▶ **WHAT IS BEING ASKED**
Return the whole listing, line for line, without the pictures in it.

▶ **DATA EXCERPT**
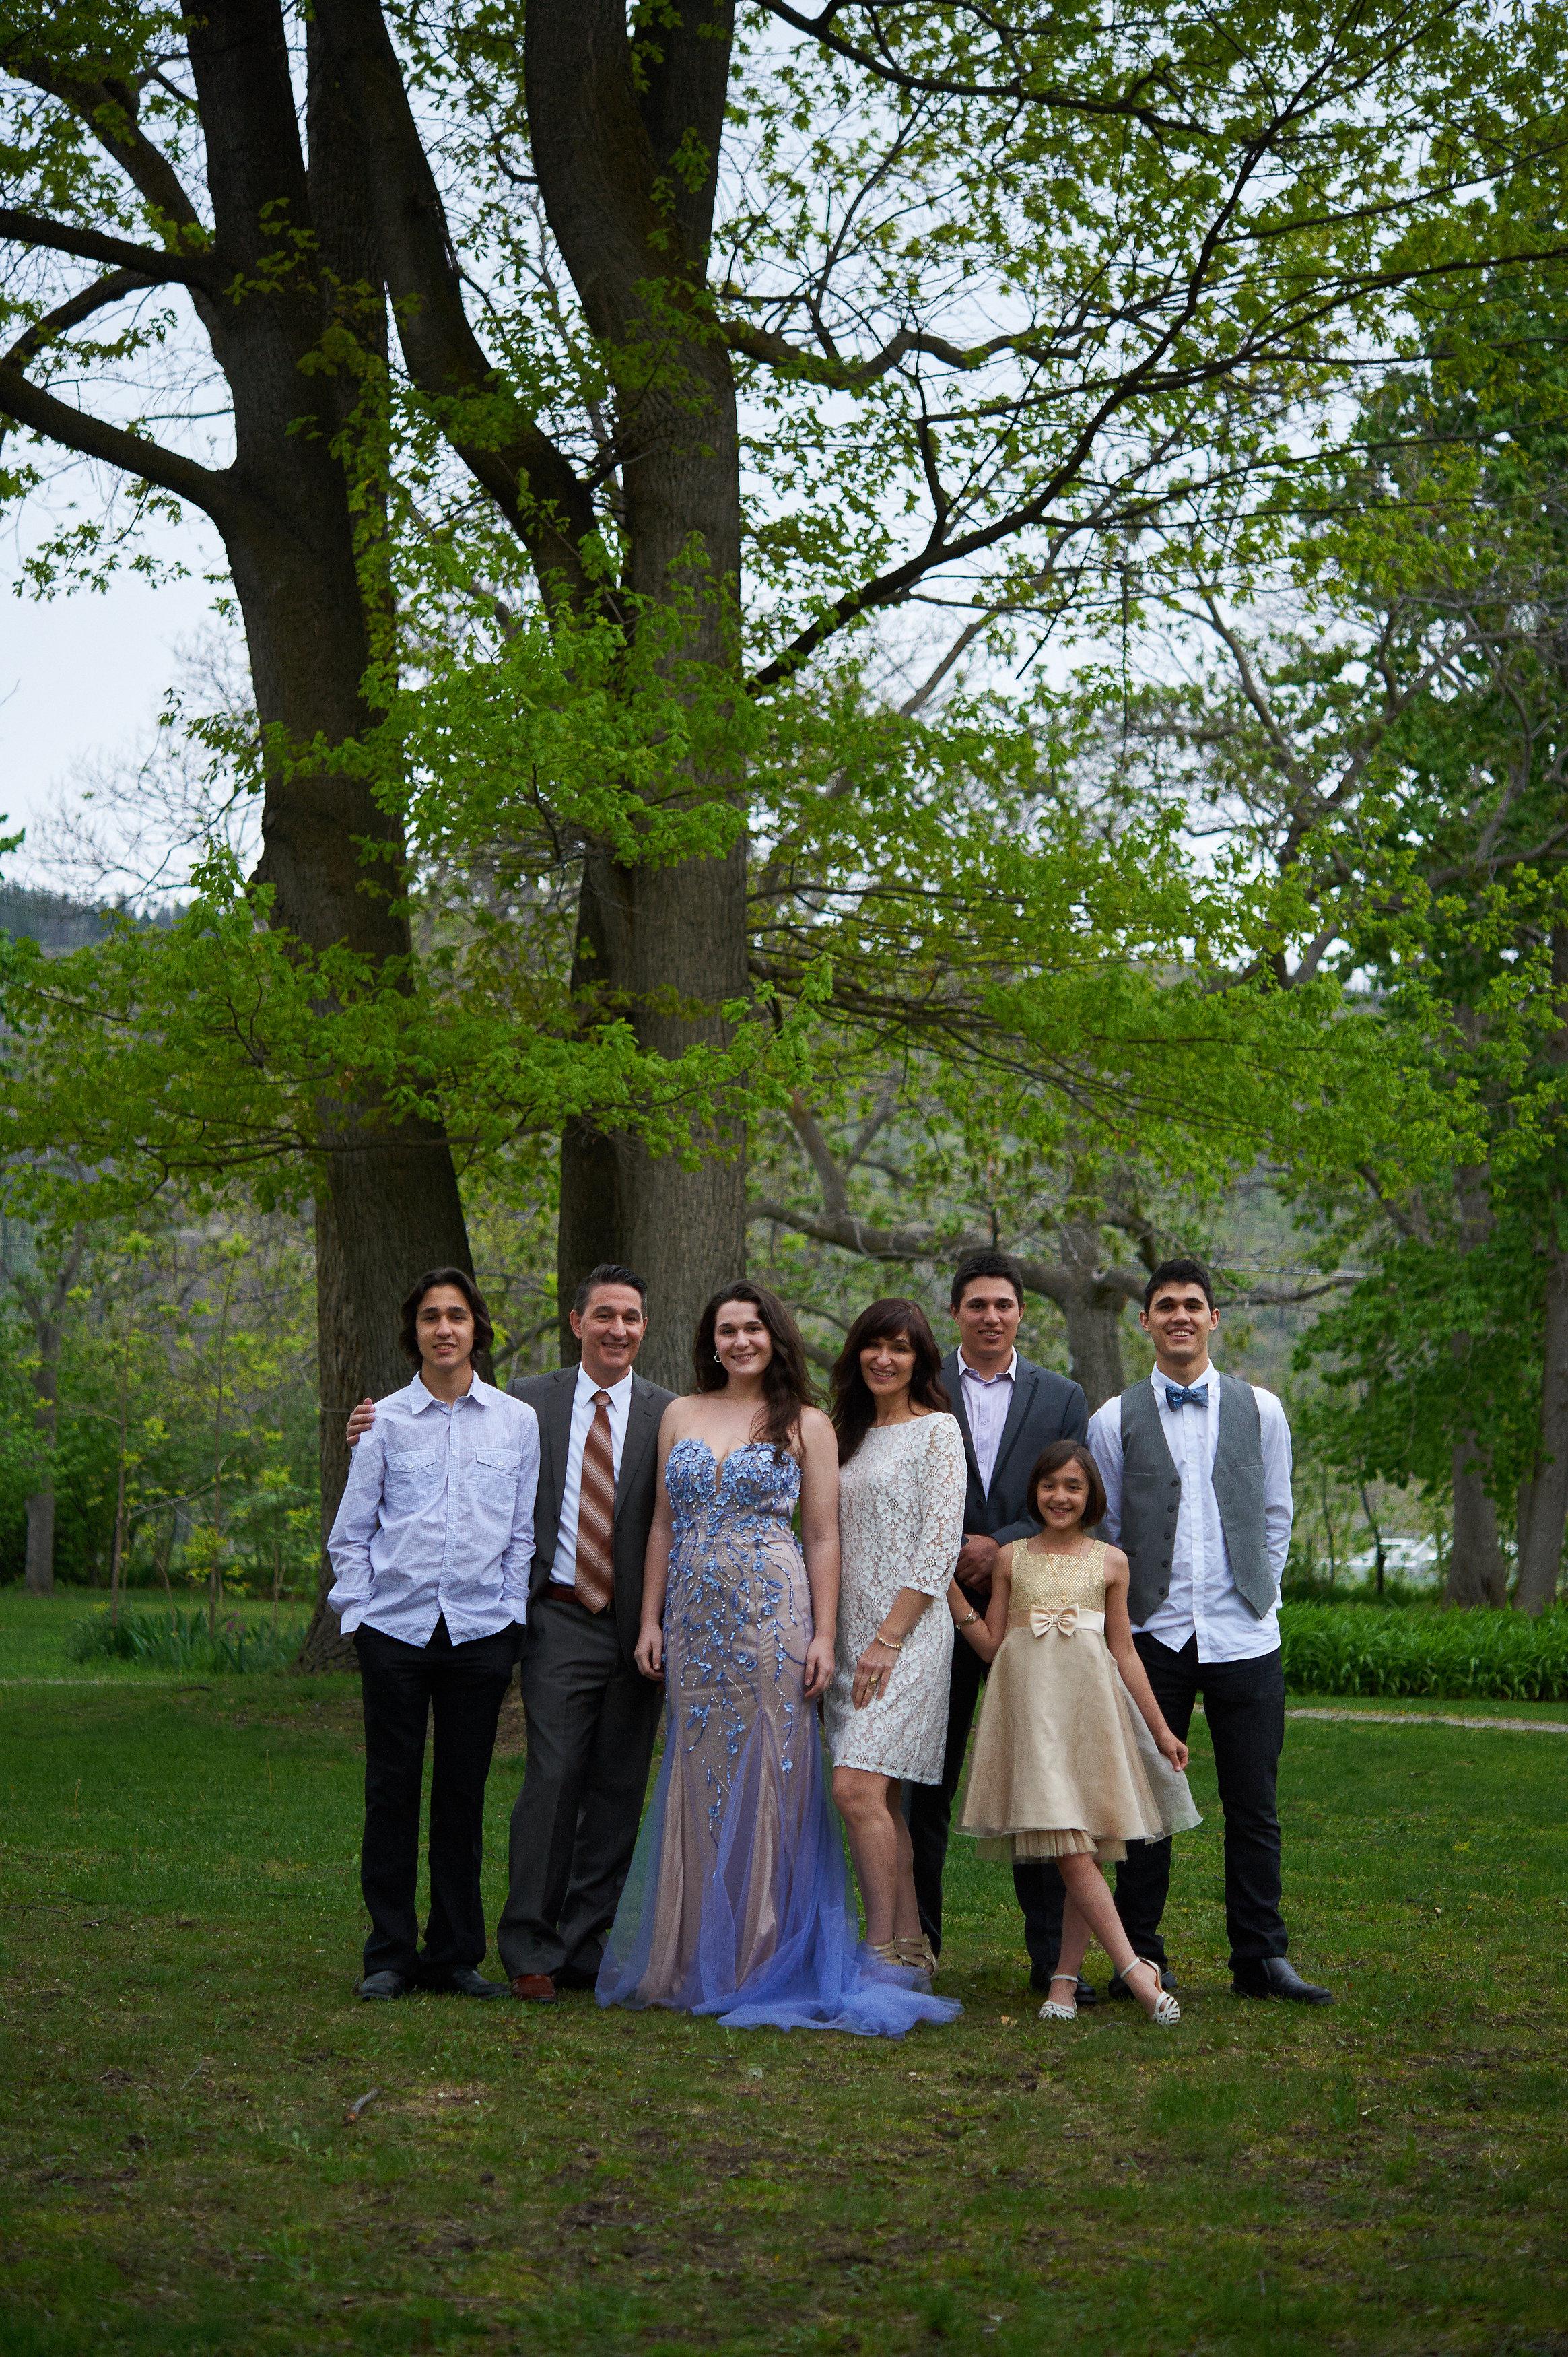 The family portrait long shot
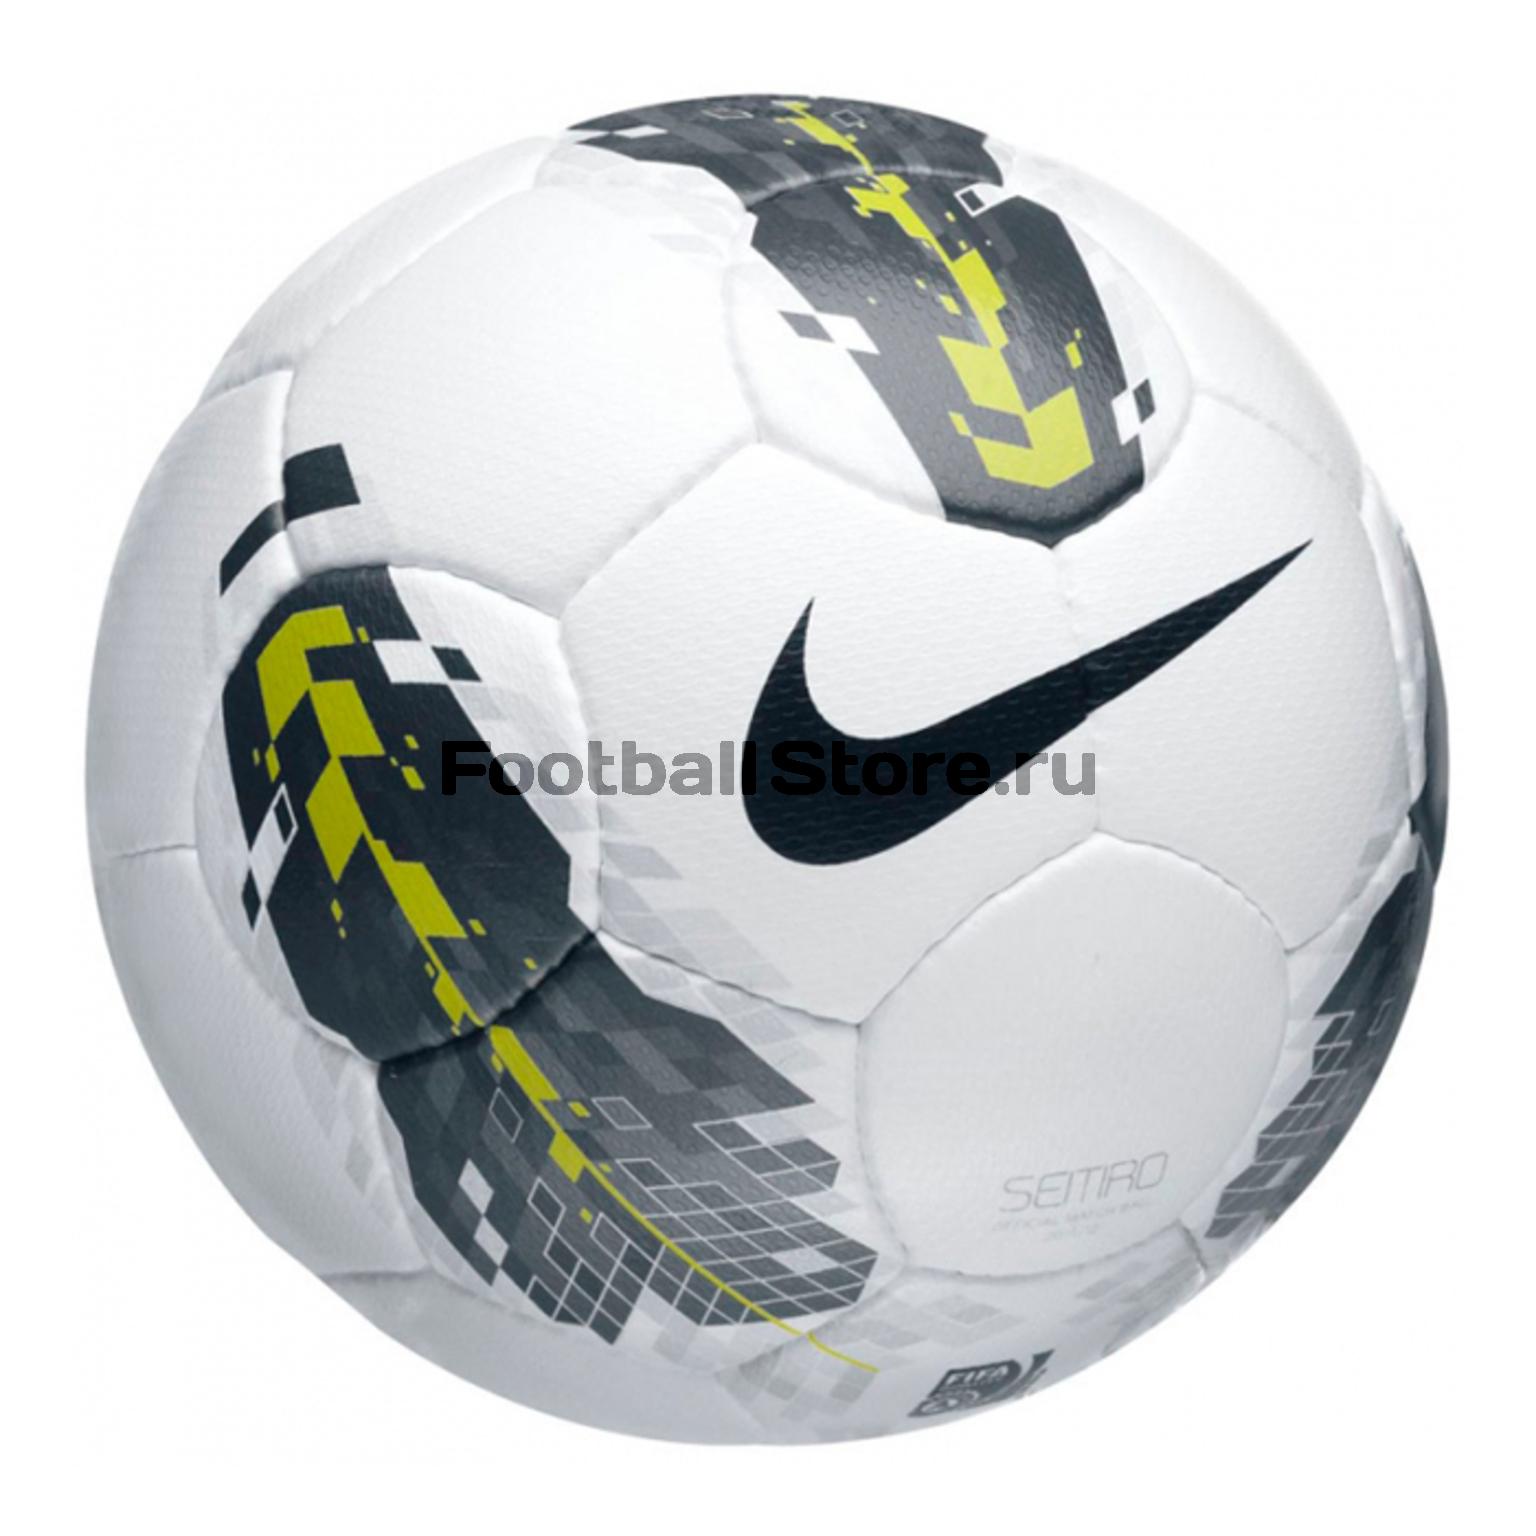 Классические Nike Мяч футбольный Nike Seitiro SC1954-170
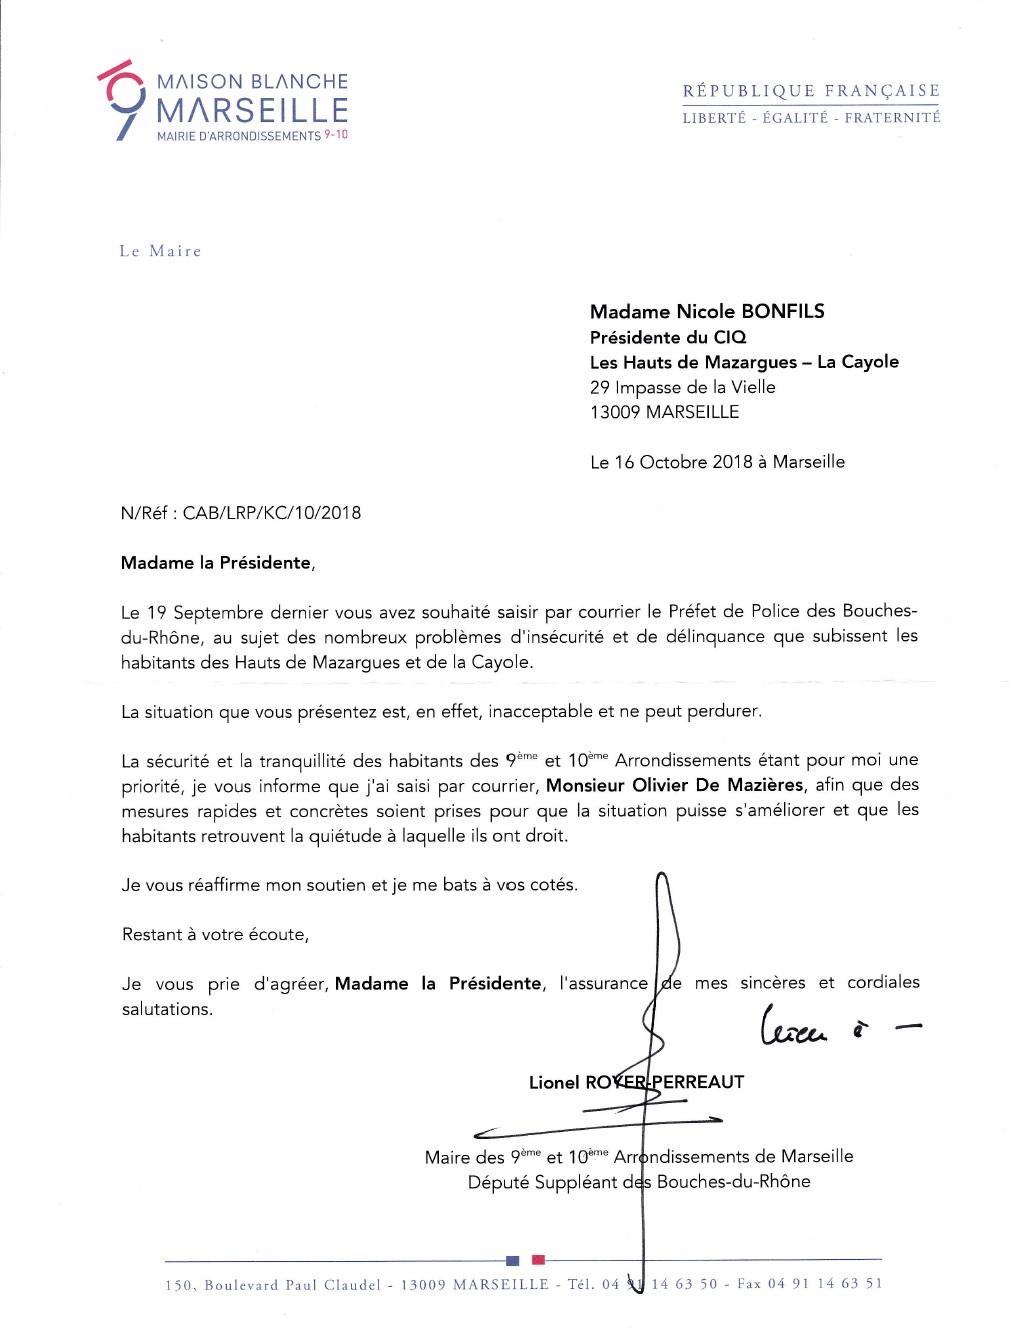 Courrier LRP 16.10.18 Préfet de police

▶ **WRITTEN ANSWER**
 The family portrait long shot
 Классические Nike Мяч футбольный Nike Seitiro SC1954-170
 Courrier LRP 16.10.18 Préfet de police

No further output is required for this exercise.